▶ Task to complete
Write out the entries below exactly, but only from the line containing "Corsair Vengeance RGB" through the line containing "Cùng tìm hiểu", and without the pictures.

▶ Dataset
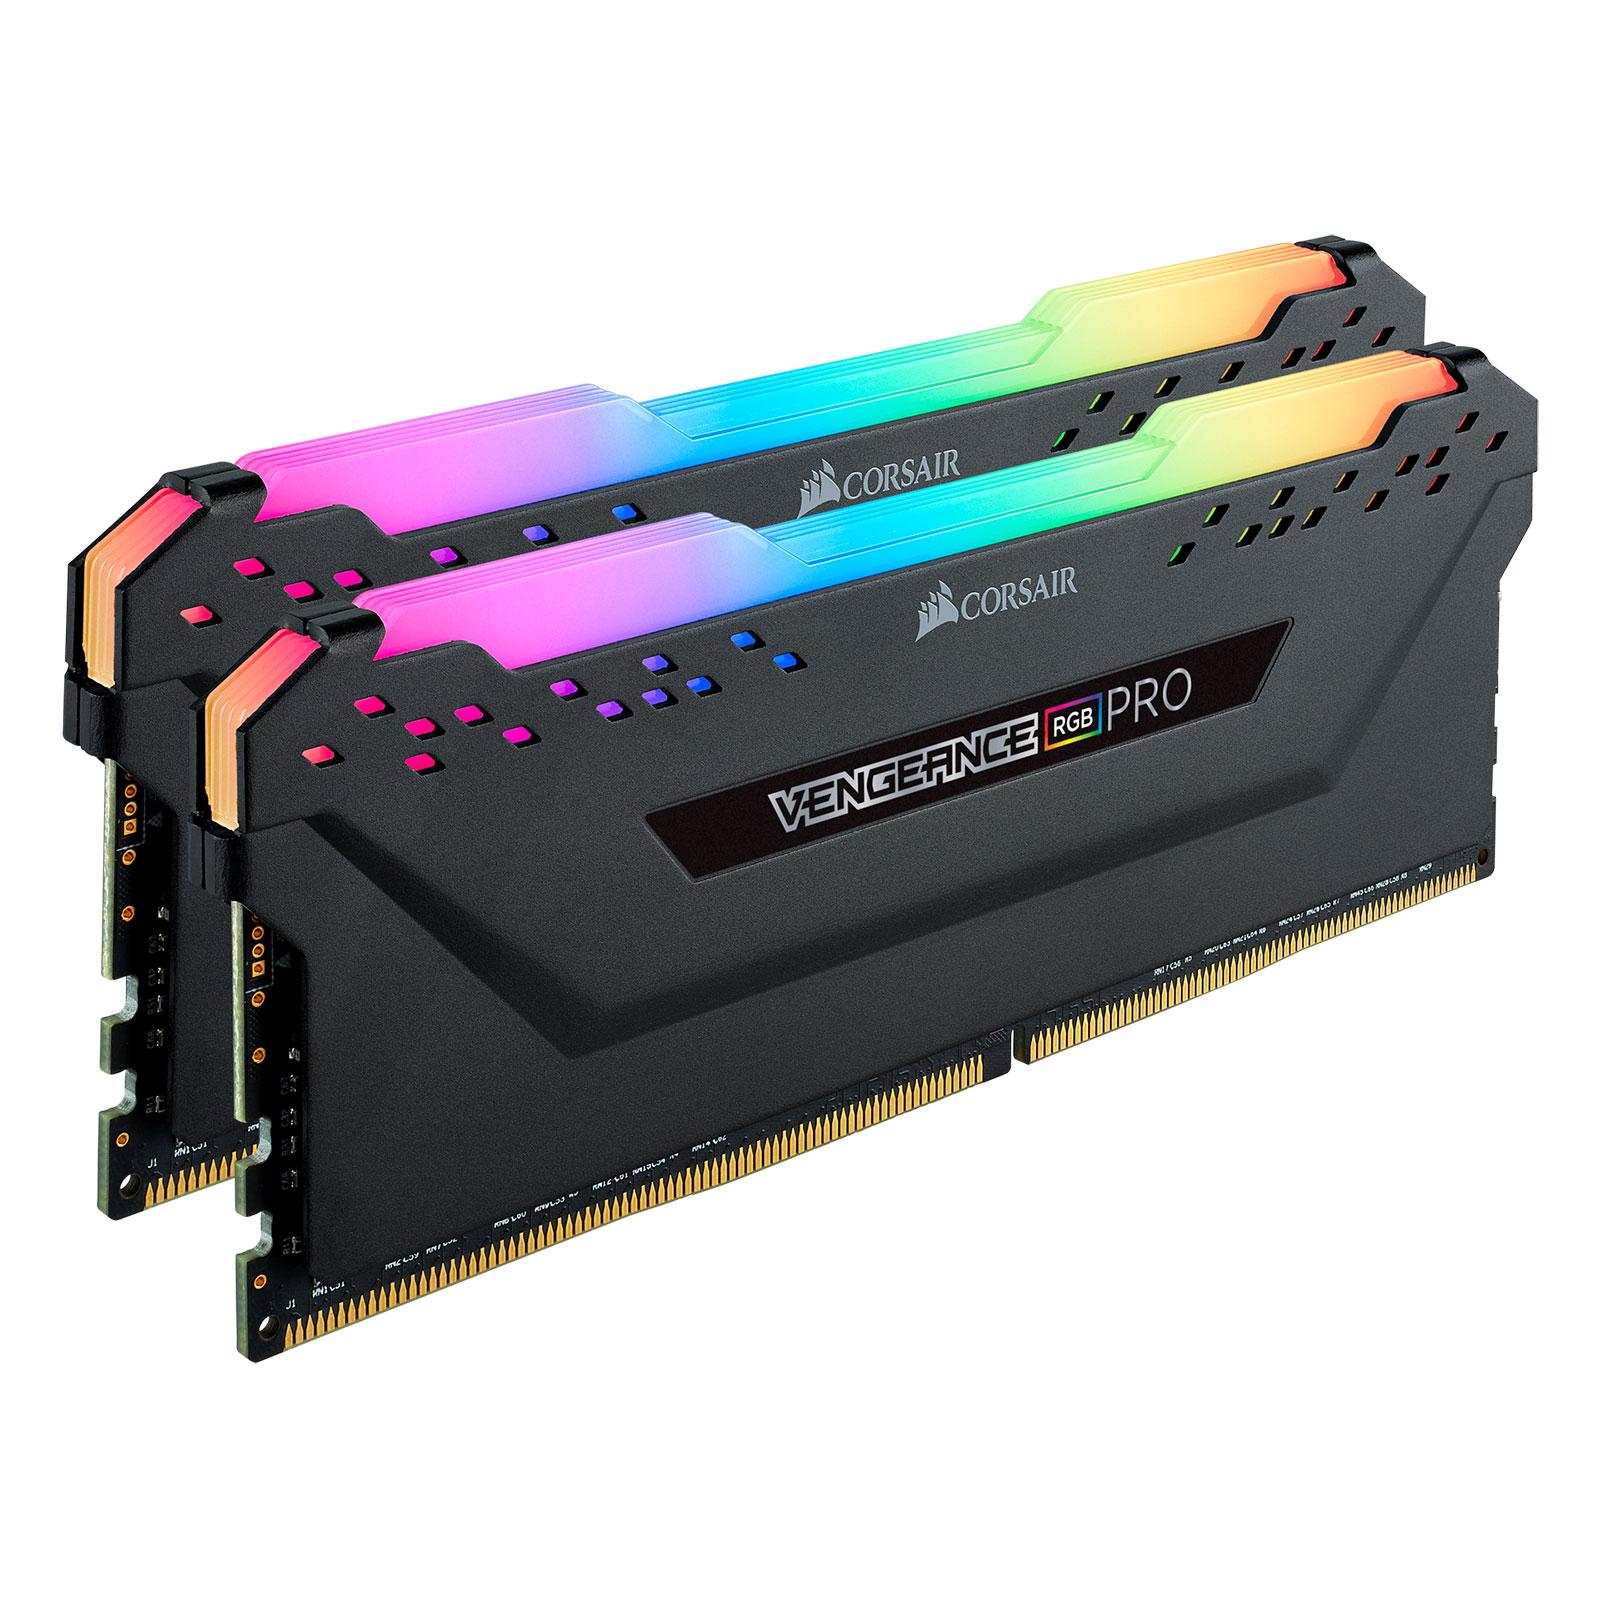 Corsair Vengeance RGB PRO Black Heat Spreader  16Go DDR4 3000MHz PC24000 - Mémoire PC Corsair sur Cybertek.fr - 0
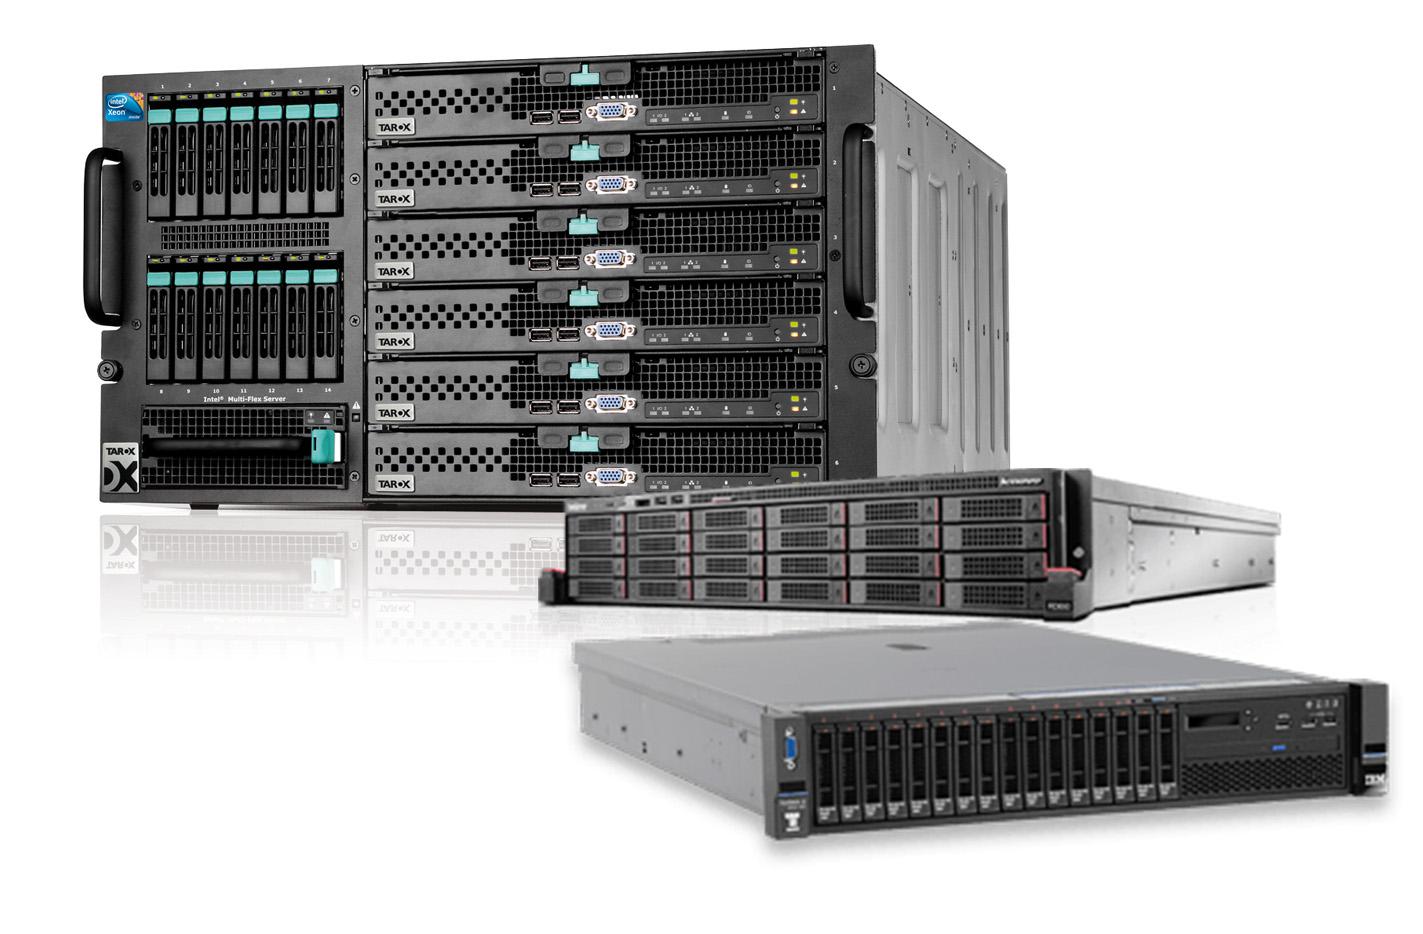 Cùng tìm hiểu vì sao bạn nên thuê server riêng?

--

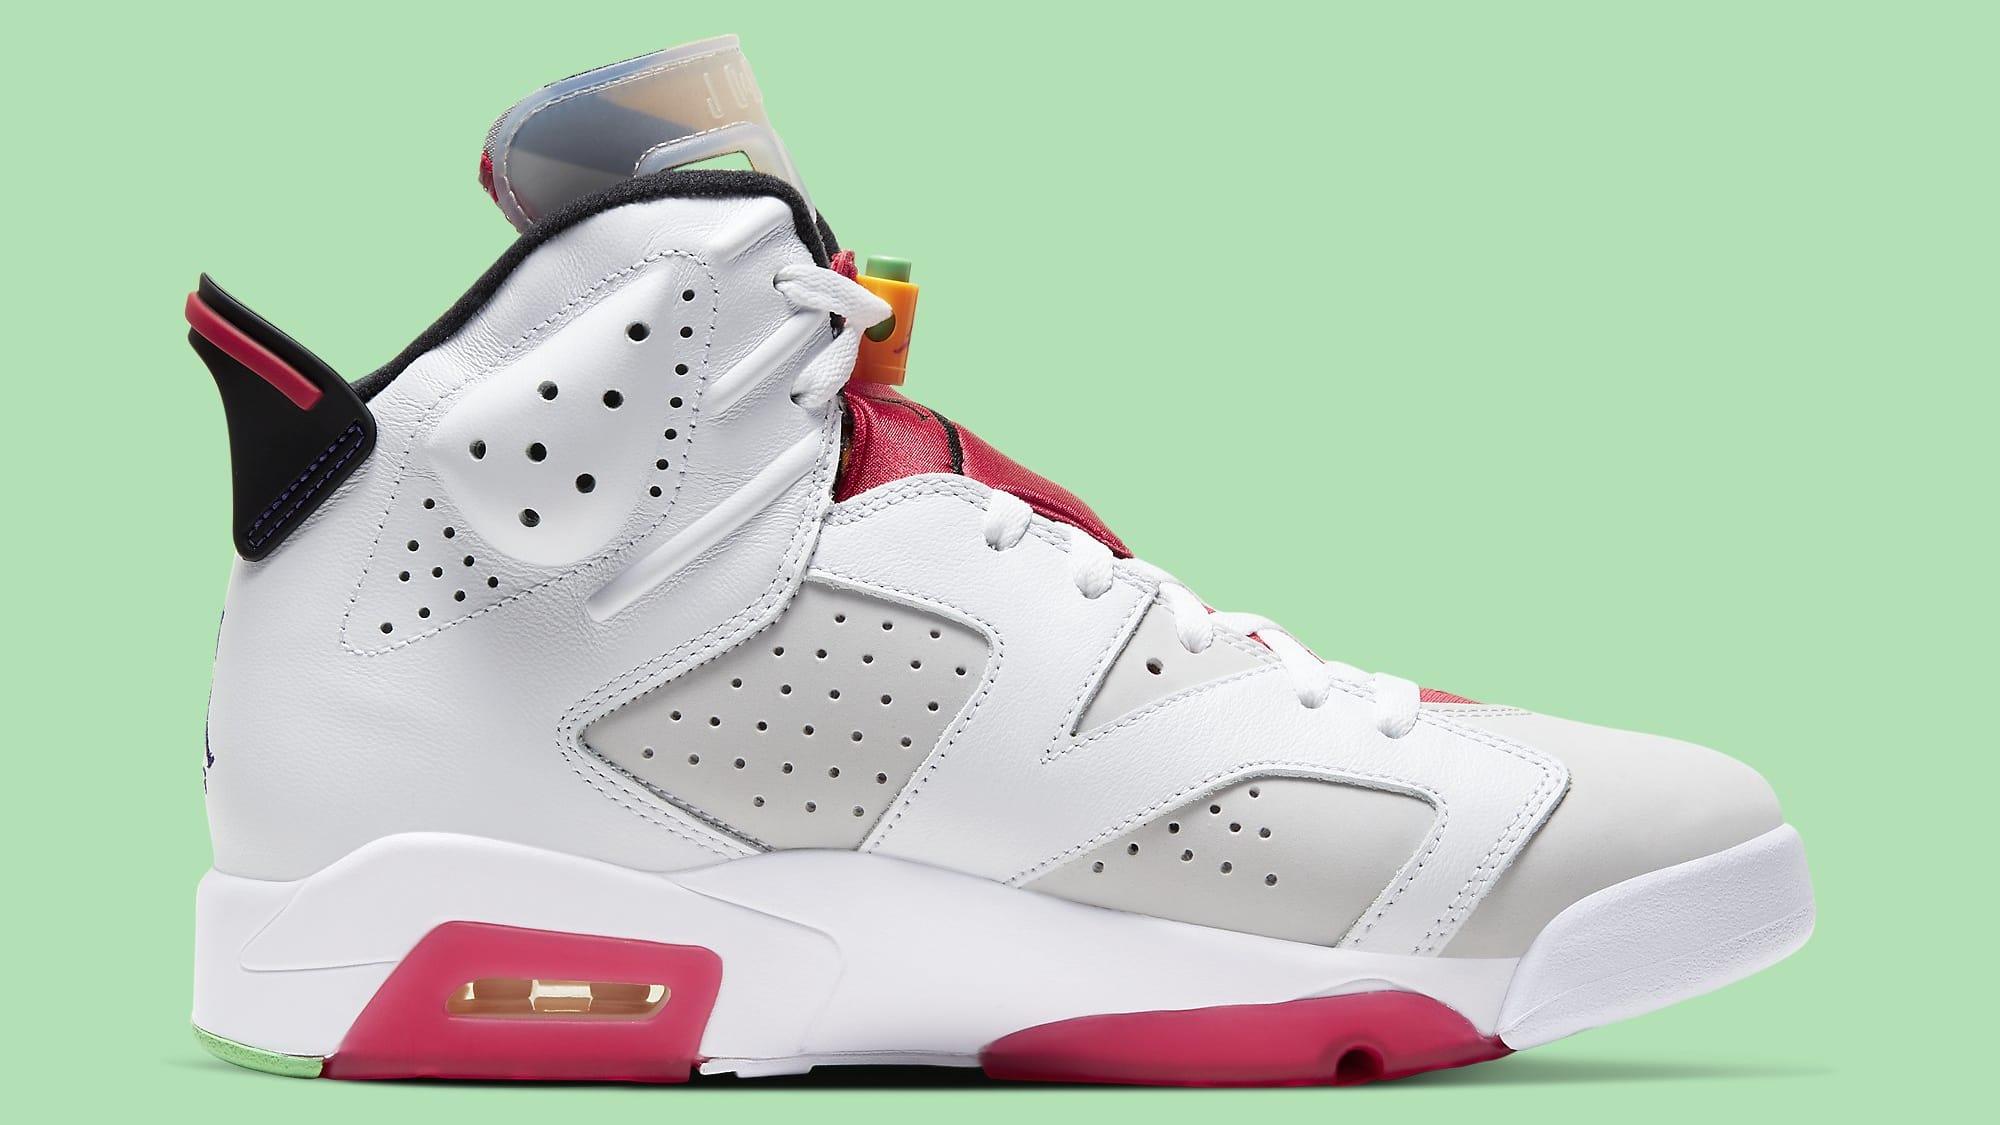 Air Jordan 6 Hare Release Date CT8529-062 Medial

* * *

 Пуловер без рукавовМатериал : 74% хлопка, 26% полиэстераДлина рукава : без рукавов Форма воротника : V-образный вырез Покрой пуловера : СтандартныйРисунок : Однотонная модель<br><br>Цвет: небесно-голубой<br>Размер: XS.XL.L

▶ Result of this exercise
 Corsair Vengeance RGB PRO Black Heat Spreader  16Go DDR4 3000MHz PC24000 - Mémoire PC Corsair sur Cybertek.fr - 0
 Cùng tìm hiểu vì sao bạn nên thuê server riêng?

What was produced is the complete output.